La seconda immagine è quella della semplicità. Scegliendo il nome di Francesco d’Assisi, non ha scelto solo un richiamo spirituale, ma una rotta precisa: quella della povertà, della giustizia, dell’amore per il creato. È stato il primo papa a parlare con una intera enciclica di “ecologia integrale”, collegando la crisi ambientale all’ingiustizia sociale e allo sfruttamento delle risorse globali. Con la Laudato si’, ha dato voce a un nuovo pensiero spirituale ed etico, erede della visione di Francesco d'Assisi ma capace di attualizzarsi e di dialogare con scienziati, attivisti, giovani, popoli indigeni. Ha riconsegnato al mondo l’idea che la Terra è una casa comune, non una proprietà da saccheggiare per i profitti, l'avidità e gli egoismi del mondo più ricco.
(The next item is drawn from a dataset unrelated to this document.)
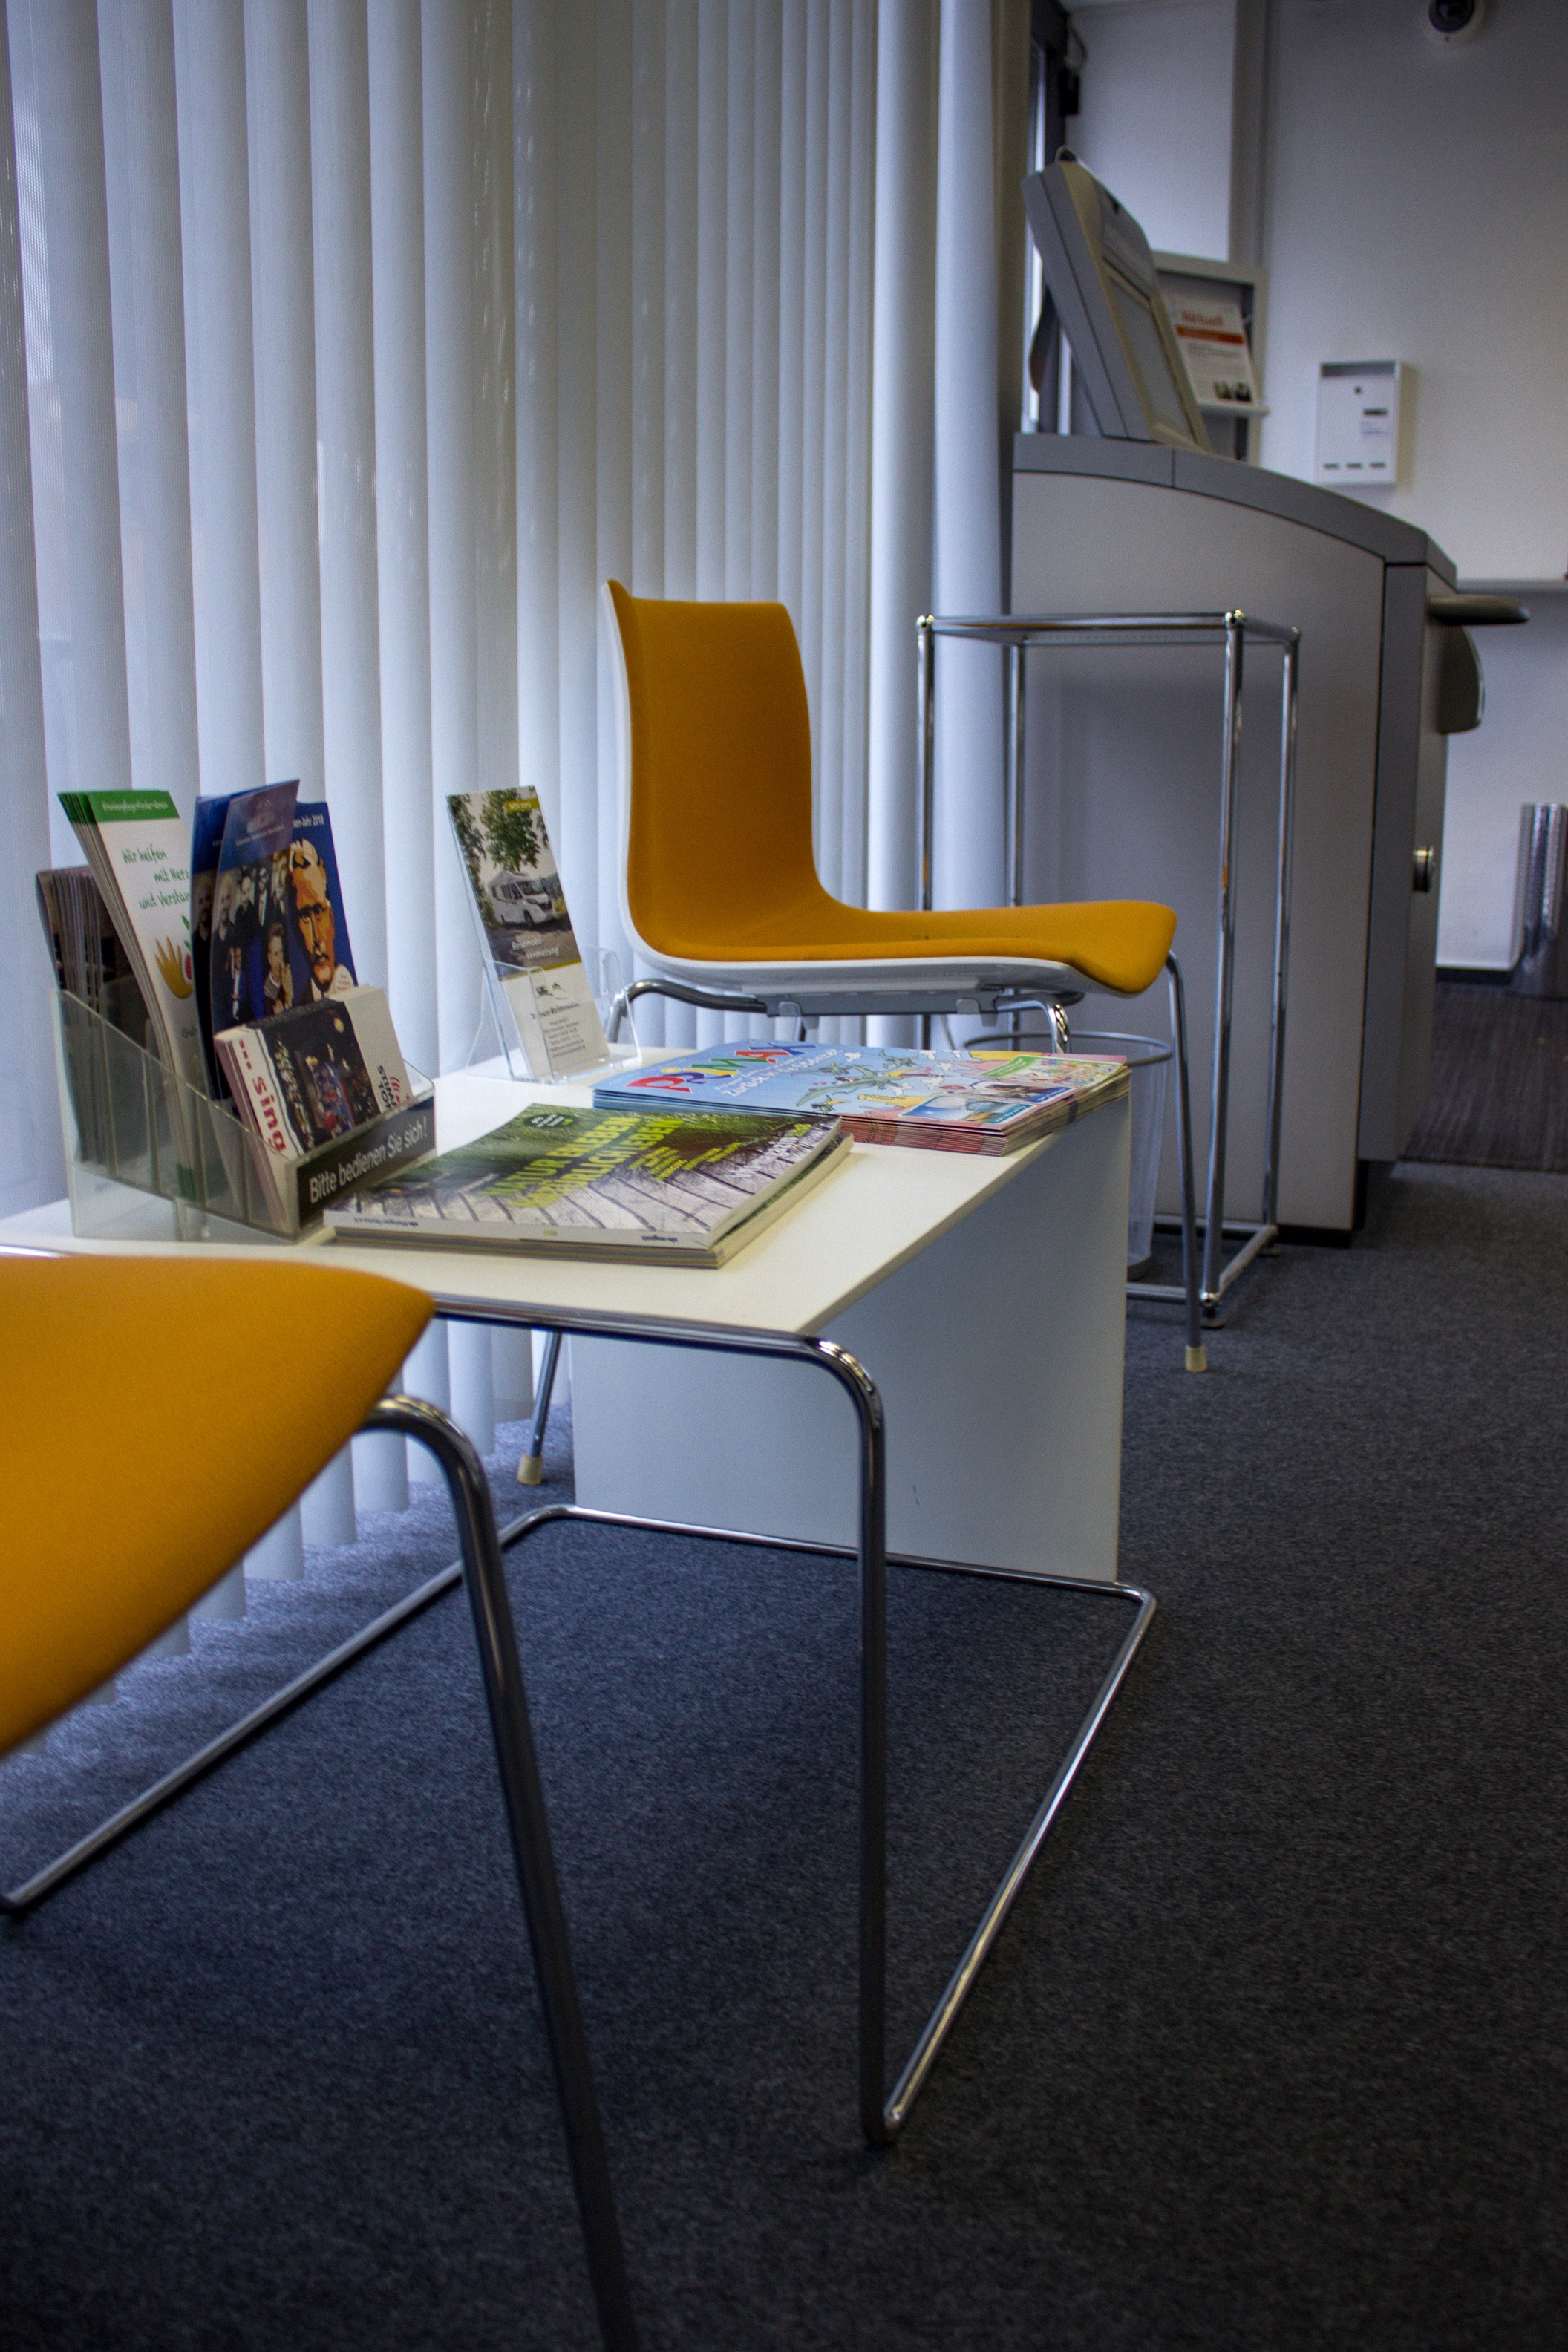 Fotos de vr bank Untertaunus eG, Filiale Wallrabenstein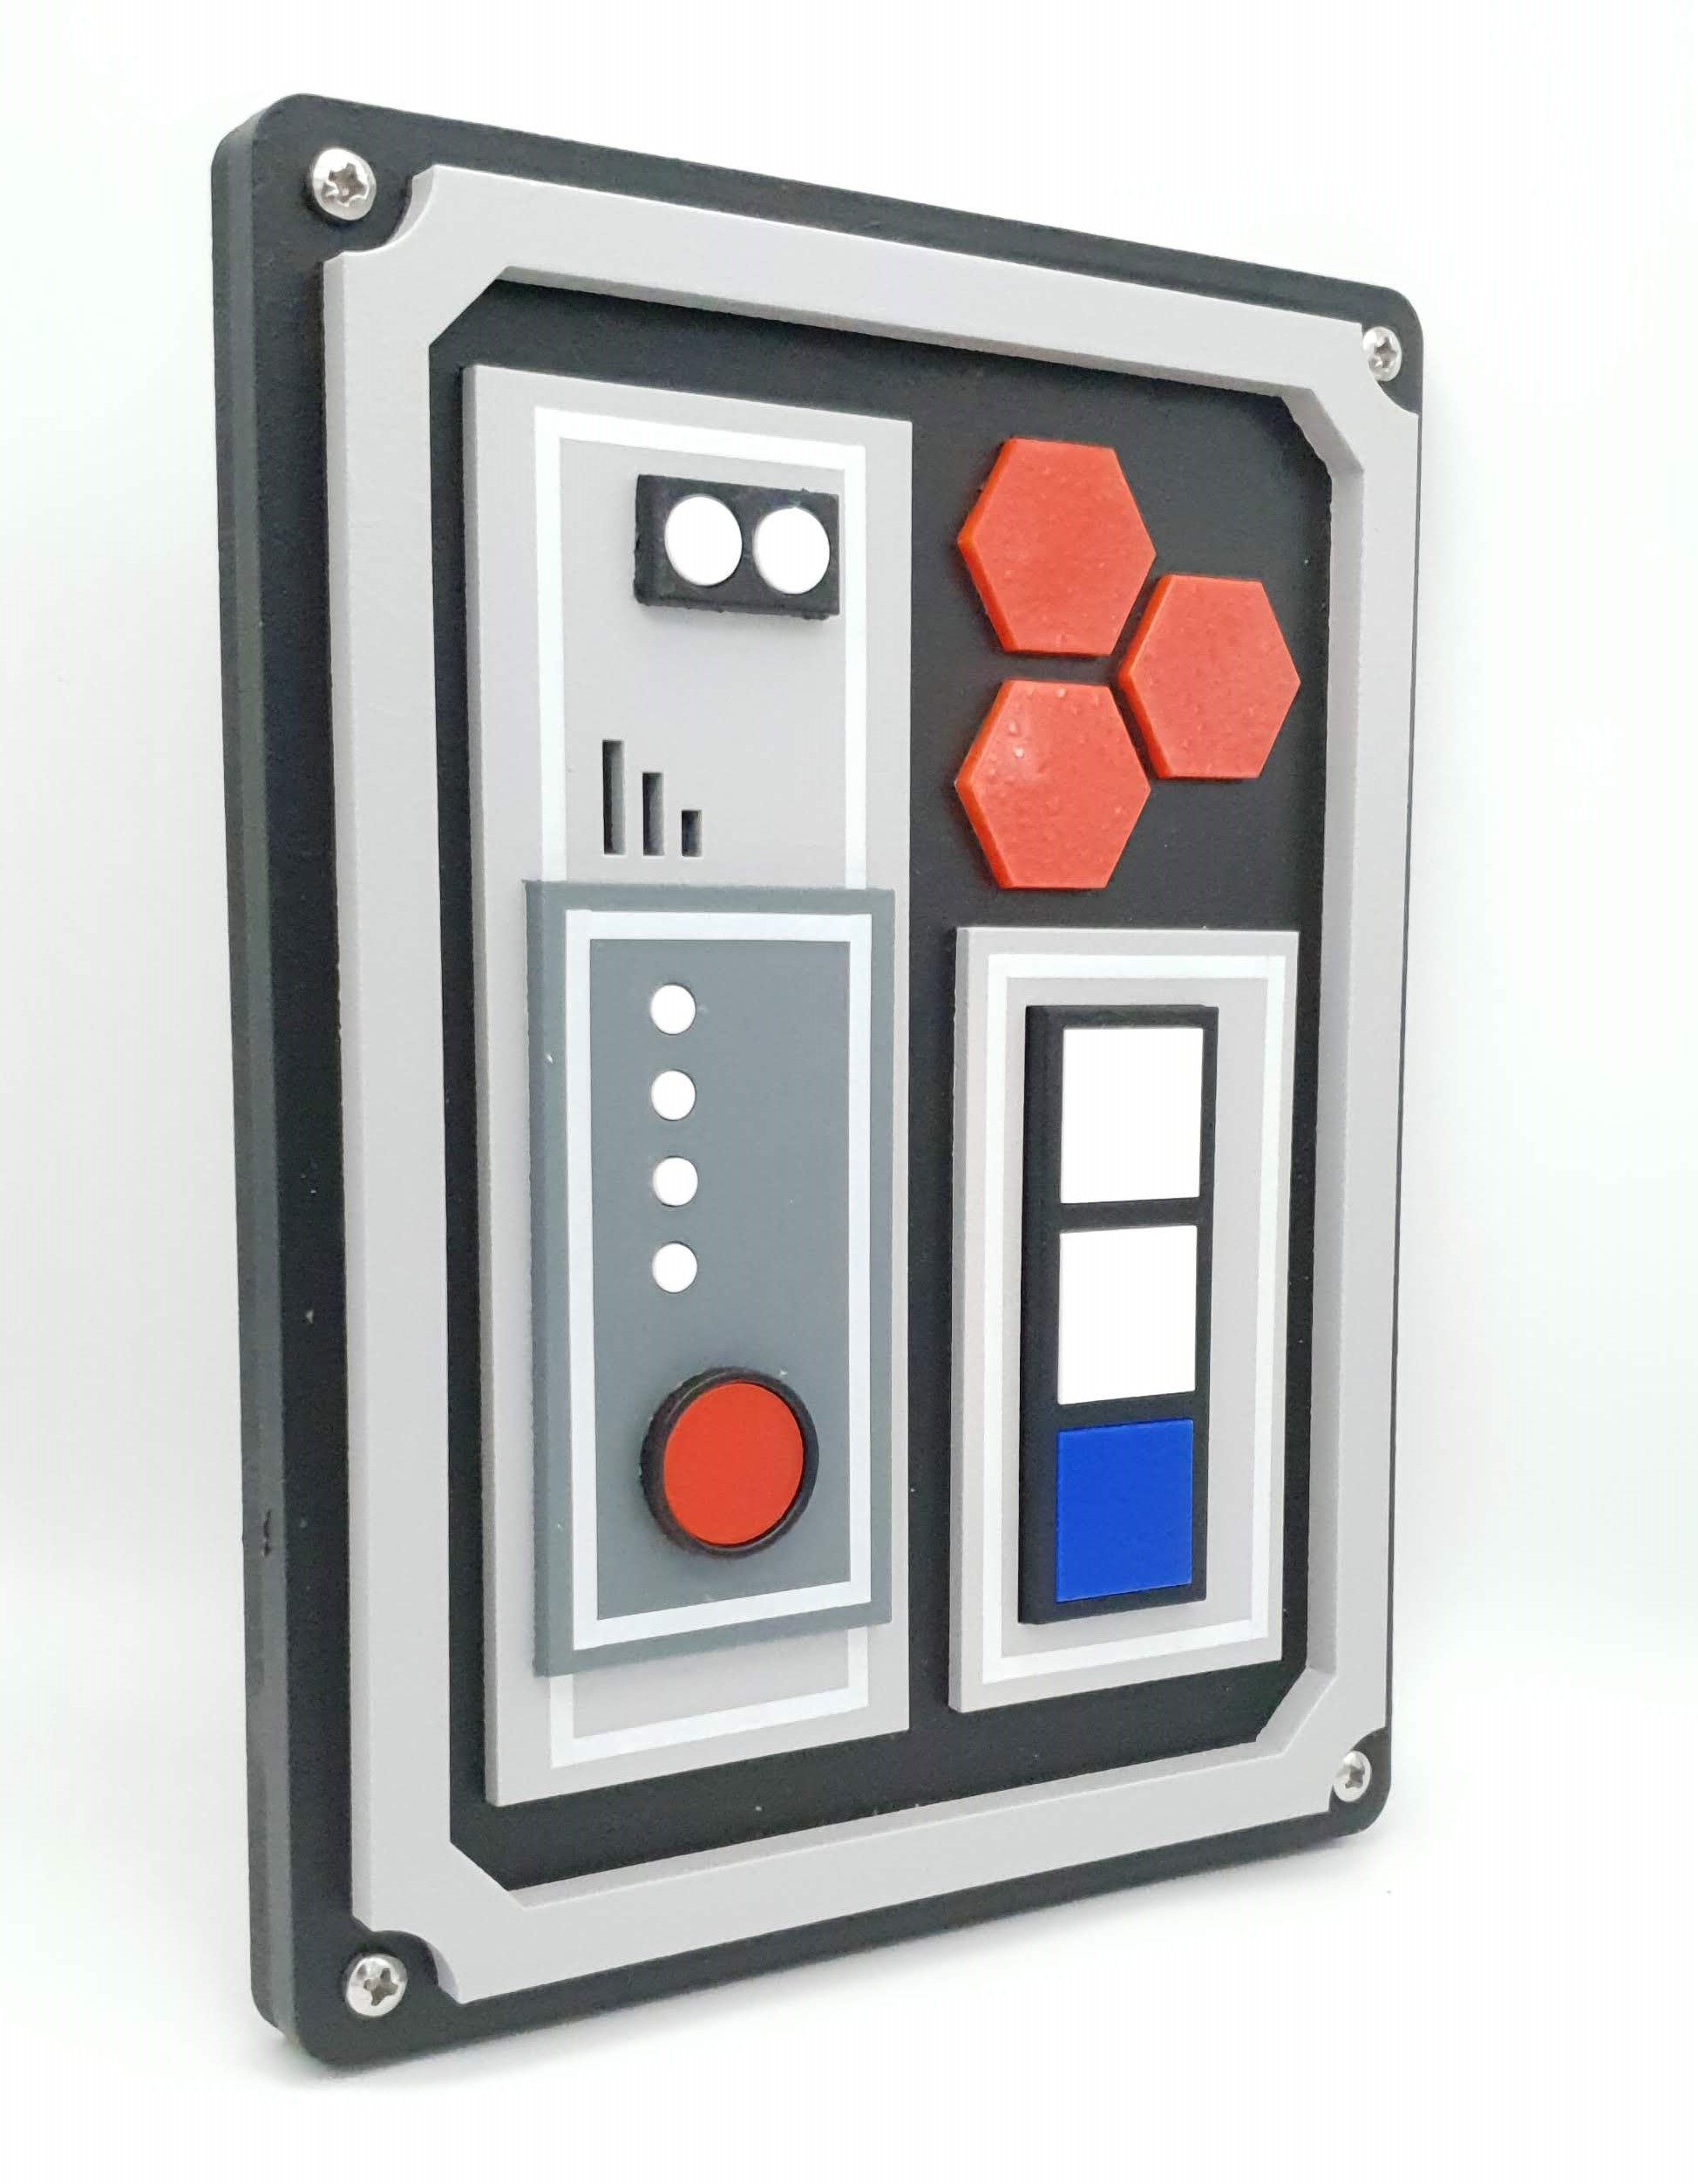 Star Wars control panel

La terza immagine è quella del costruttore di pace. In anni segnati da narrazioni belliciste, Papa Francesco ha osato essere voce fuori dal coro. Non ha mai accettato la logica della “guerra giusta”, ed è stato per questo attaccato, isolato, persino accusato ingiustamente. Ma non ha mai indietreggiato. Ed è stato un riferimento per chi, anche fuori da ogni fede religiosa, ha continuato a credere che la pace e a impegnarsi contro i piani di riarmo. È stato una bussola per credenti e non credenti, per chi ha continuato a lavorare nella prospettiva del disarmo e della nonviolenza attiva.
A causa di ciò è stato osteggiato dal clero conservatore, che lo ha visto come un pericolo per la gerarchia e per i valori del tradizionalismo cattolico. Perché è del tutto evidente che Papa Francesco ha rotto gli schemi. Ha spostato la Chiesa su un piano universale, dialogante, inclusivo. Ha parlato a tutti: ai movimenti popolari, ai pacifisti, agli ambientalisti, ai migranti, ai giovani in cerca di senso. Ha costruito ponti, ha demolito muri.
E tra tutte le immagini che ci ha lasciato, una resterà indelebile nel nostro cuore: quella di Papa Francesco, insieme a padre Alex Zanotelli, entrambi a Verona, che sorridono mentre reggono la bandiera arcobaleno della pace. Non è solo una foto. È un'eredità. A noi il compito di raccoglierla, custodirla e farla vivere ancora.